Gareth Edwards (born 1965) is a radio and television producer and writer. He is the great-grandson of Hollywood pioneer Albert E. Smith, founder of Vitagraph Studios.

==TV and radio career==

He has worked on a number of radio and TV programmes including Comedy Firsts (ITV, 1995), The Big Town All Stars (BBC Radio 4, 1998), Spaced (Channel 4, 1999), The Bigger Issues (BBC Radio 4, 2000), Parsons and Naylor's Pull-Out Sections (BBC Radio 2, 2001), Dead Ringers (BBC Two, 2003, 2004), Posh Nosh (BBC Two, 2003), Vent (BBC Radio 4, 2006–09)

Edwards produced That Mitchell and Webb Sound (BBC Radio 4, 2003–09), which won a Sony Silver Award in 2004; he also produced the TV version of this, starring the same David Mitchell and Robert Webb, entitled That Mitchell and Webb Look (BBC Two, 2006–10), which won best comedy BAFTA in 2006. Edwards also produced The One Ronnie (BBC One, 2010), a one-off comedy television sketch show that aired on BBC One on Christmas Day 2010 to celebrate the 80th birthday of Ronnie Corbett and Still Open All Hours (BBC One Boxing Day 2013). He also produced the BBC2 sitcom Upstart Crow 2016.

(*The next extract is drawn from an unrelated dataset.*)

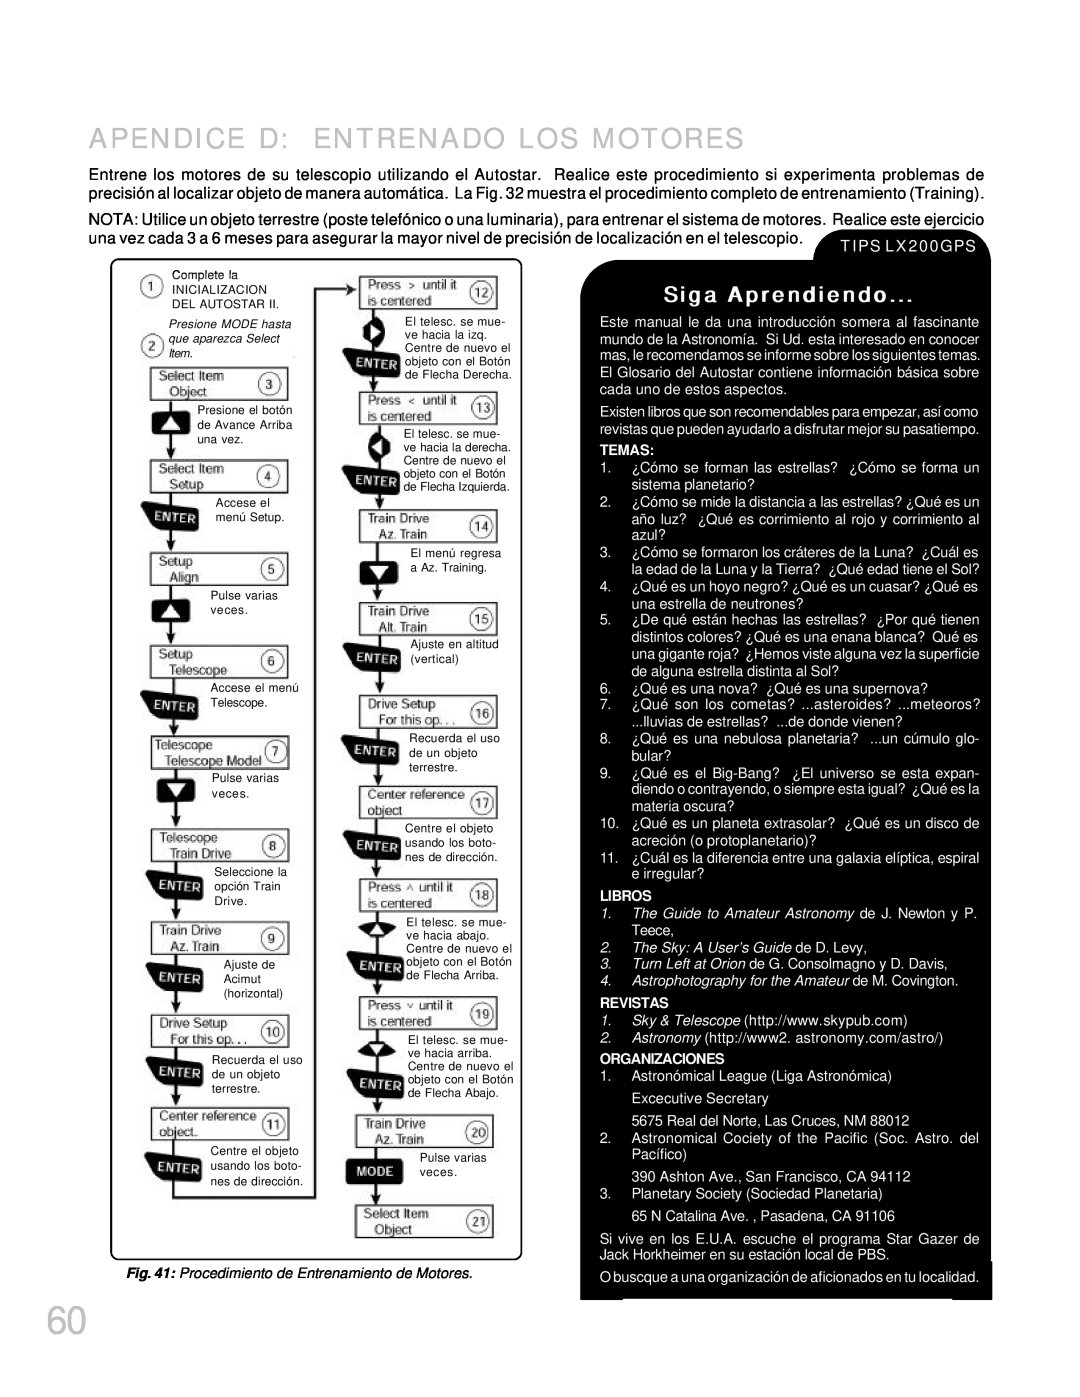 Meade LX200GPS manual Apendice D Entrenado Los Motores, Siga Aprendiendo, Temas, Libros, The Sky A User’s Guide de D. Levy

He has also produced Bleak Expectations (BBC Radio 4, 2007–11), the cult radio show starring Anthony Head and the TV spin-off from this, The Bleak Old Shop of Stuff (BBC Two, 2011). Gareth Edwards also produced the short-lived radio comedy series The Airport (BBC Radio 4, 1995), which was the first radio comedy series in Britain to feature self-representative experiences of black people.

Edwards executive-produced the second series of Tracey Ullman's Show (2017) which led to the spin-off series Tracey Breaks the News (2017–present).

Edwards was appointed acting head of radio comedy at the BBC from November 2008 to May 2009, though announced subsequently that he was returning to producing and writing.

==Writing==

Edwards wrote two series of Radio 4's situation comedy Artists, set in St Ives, Cornwall.

Edwards also writes children's books including The Big Animal Mix-Up (Hachette, 2011), The Big Jungle Mix-Up (Hachette, 2012), The Disgusting Sandwich (Scholastic, 2013), The Littlest Bird (Piccadilly, 2013), Never Ask A Dinosaur to Dinner (Scholastic, 2014), and Fabulous Pie (Scholastic, 2015), shortlisted for the FCBG award 2016.

==Family==

Edwards is married to Frances Wedgwood, daughter of Martin Wedgwood and the architectural historian Alexandra Wedgwood. They have four children.